2.2. Data Collection

2.2.1. Species Presence Data

The species presence data were obtained from the monitoring records of 493 camera-trap sites in the reserve from 2012 to 2021, and the layout altitude range was 1930–4752 m. The infrared cameras were placed across the reserve at sites with higher presence probability of wild animals, such as trails used by wild animals, areas near water sources, and sites with animal feces or traces [27]. The camera was tied at a height of about 0.5 m from the ground with the lens parallel to the ground, and the obstacles before the camera were removed. The three infrared camera models used in the 9-year infrared camera monitoring project in the reserve were Yianws (L710-940) and Ltl Acorn (Ltl 6210, Ltl 6310).
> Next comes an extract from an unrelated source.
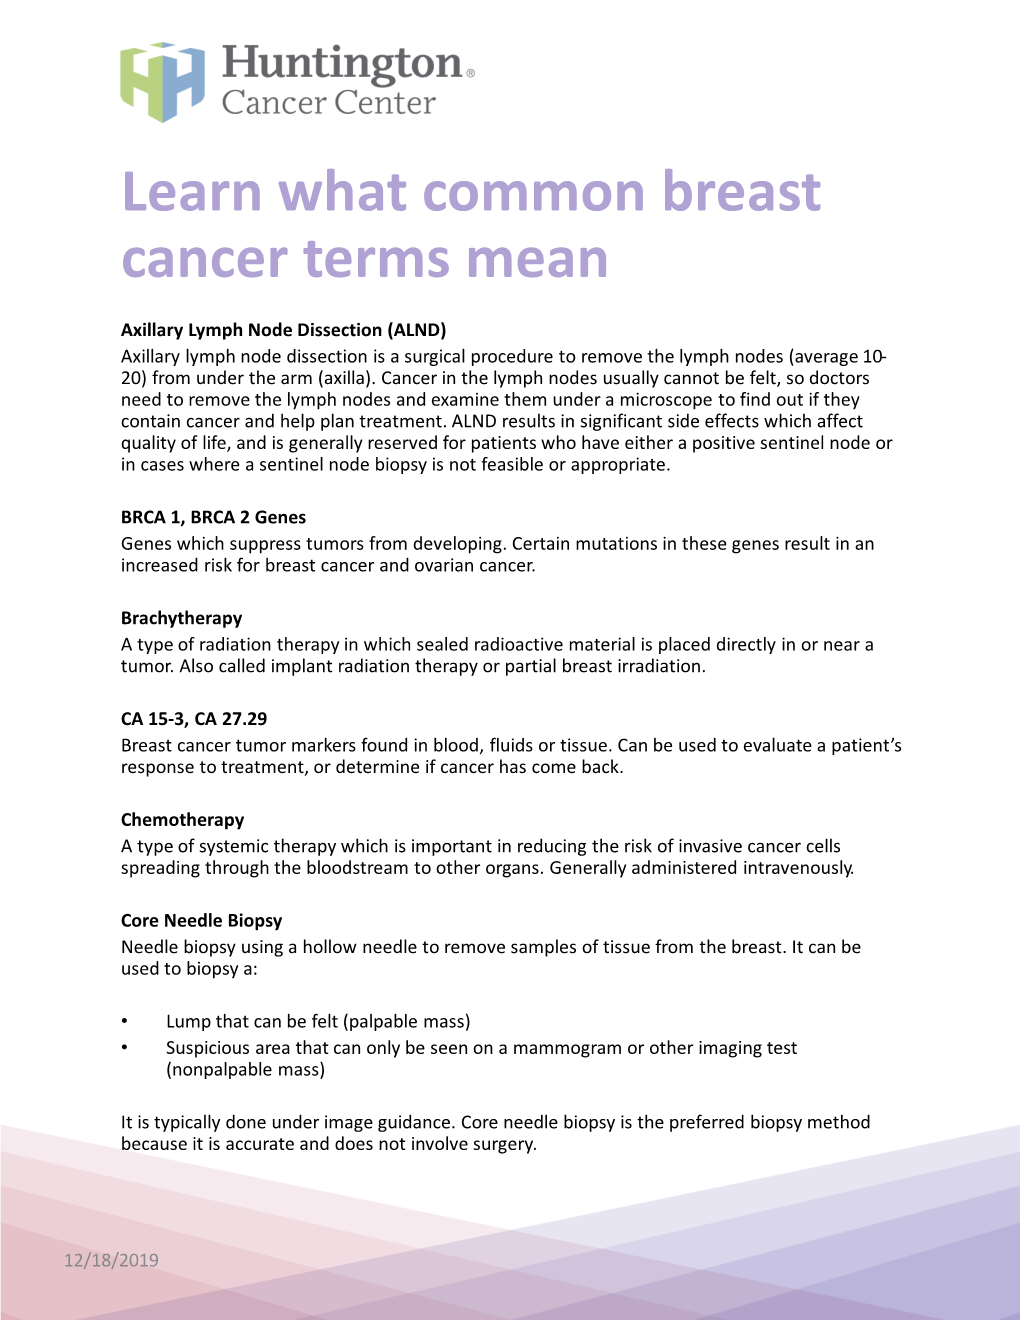 Breast Cancer Terms Explained

The total effective camera workday was 102879. All cameras were set to work the whole day with a mixed shooting mode (once triggered, taking 3 photos and then a 20 s video) and a medium or high sensitivity with no baits.
To reduce the phenomenon of overfitting, the trim duplicate occurrences function of ENMTools 1.4 software was used to remove the duplicate presence points of the same species located in the same raster (30 m × 30 m) [28]. It resulted in only one randomly selected presence point for each species in each raster cell where the species occurred.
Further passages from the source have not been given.